時事随想抄

歴史家の視点から国際情勢・時事問題などについて語るブログ

「進化論」から見えてくる人類共通の脅威:人類は多様に進化した

 今日は、古代・中世史研究家の倉西裕子が記事を書かせていただきます。ダーウィンの進化論にもとづき、人類が類人猿から進化したといたしますと、「類人猿に戻りたいか、否か」という質問に対しまして、賛否両論になるのかと言えば、そうではなく、大多数の人々は、「否」と答えるでしょう。その理由は、生物は単細胞生物から多細胞生物へと進化しましたように、通常、進化の方向は、低次元の生物から、より高次元の生物へと進化するものであるからです。類人猿の知能、メンタリティー、生態は、明らかに人類よりも劣っておりますので、誰も、逆方向へは戻りたくはないのです。
 
このように人類が、類人猿よりもはるかに高次元の生物であるのでしたならば、前回のブログでの質問、すなわち、「③人類には類人猿に等しい行動を起こす人々がいる。
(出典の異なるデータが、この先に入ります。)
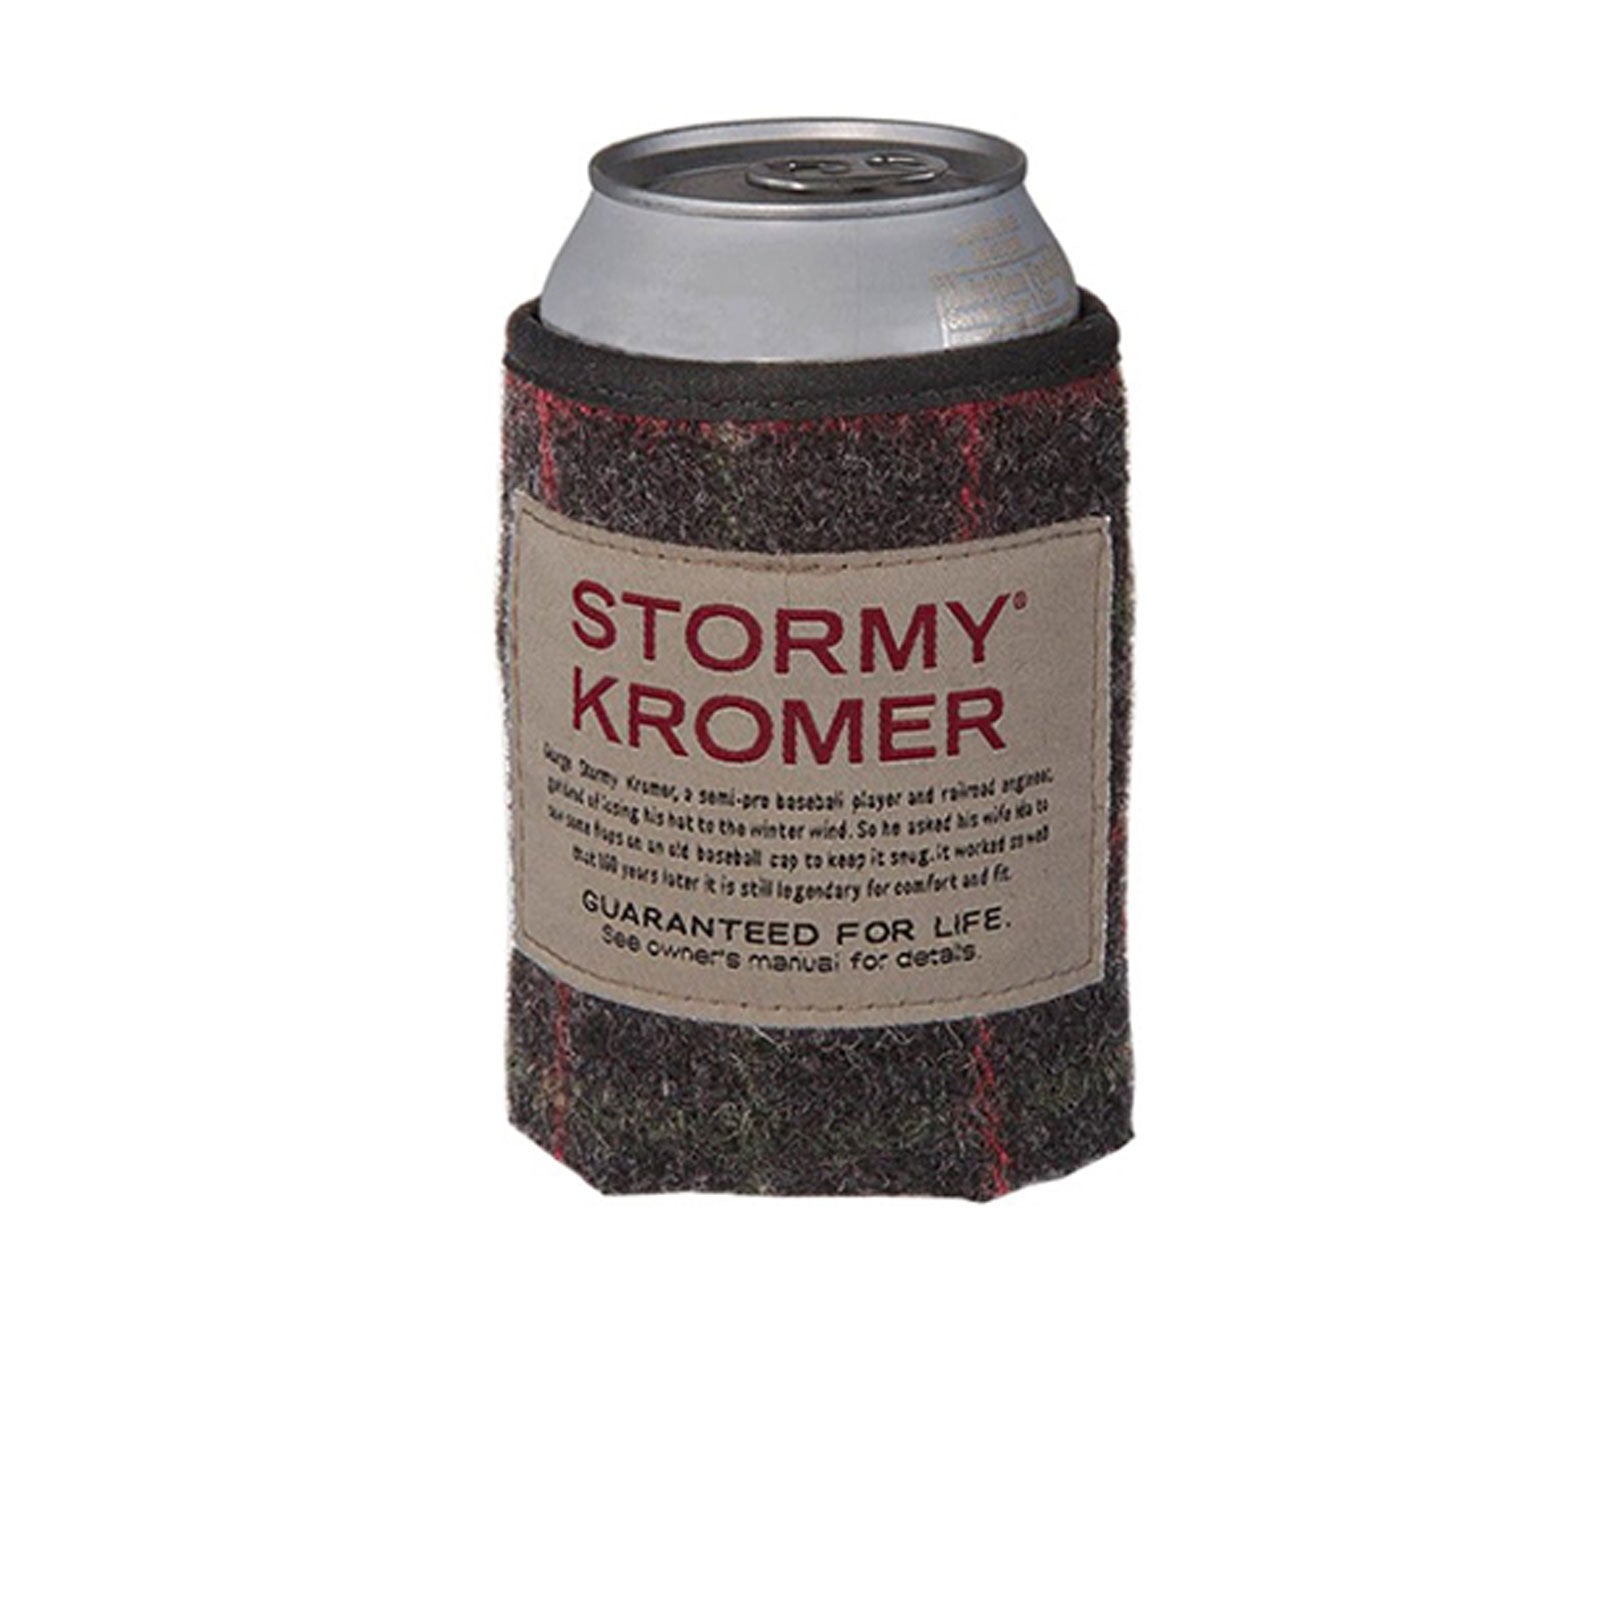 Stormy Kromer The Kromer Can Wrap - Black Accessories - Drinkware - Accessories - The Heel Shoe Fitters

④人類には類人猿に等しい行動を起こす人々はいない」という③と④のうち、大多数の人々は、④に賛意を示すはずなのですが、おそらくは、③と④の答えを集計してみますと、③の意見が多数を占めるはずです。
 
では、なぜ、現実問題といたしまして、類人猿に等しい行動を起こす人々が存在しているのでしょうか。
 
こうした問題の発生原因は、低次元の生物から高次元の生物への進化の過程におきましては、人類は、単に、均質に高次元の生物へと進化したのではなく、環境を含む何らかの条件や刺激によって、多種多様な種類に分化しながら進化してしまっているという点にあるのではないか、と考えることができます。
 
類人猿には、チンパンジー、ゴリラ、オラウータンなど、様々な種類があるのと同様に、人類にも様々な種類が生じていることは、人種や民族など、人類にも多様性があり、メンタリティーにも違いがあることによって、示されていると言うことができるでしょう。
 
なるほど、人類は、確かに類人猿よりも高度な生物なのですが、その進化の過程における条件や刺激によって多様化し、そしてその多種多様の人類の中には、類人猿のメンタリティーや生態における欠点を克服できていないままに、人類として進化してしまった人々が生じている可能性があるのです。
 
そして、人類の一部の人々が有する克服されえていない類人猿のメンタリティーと生態には、人類そのものの生存や人類のレーゾンデートルをも危ぶませるような欠点がある可能性があるのです。
 
進化論は、人類が抱えている問題を、白日の下に晒してしまっているとも言えるでしょう。読者の皆様には、人種差別発言とも受け取られかねないような文章とはなってしまいましたが、「良薬は口に苦し」という言葉がありますように、正確な診断にもとづく適切な治療法の開発によって、病気を治すことができますように、進化論にもとづく徹底した原因追究は、解決法を見出すための一条の光となるのかもしれないのです。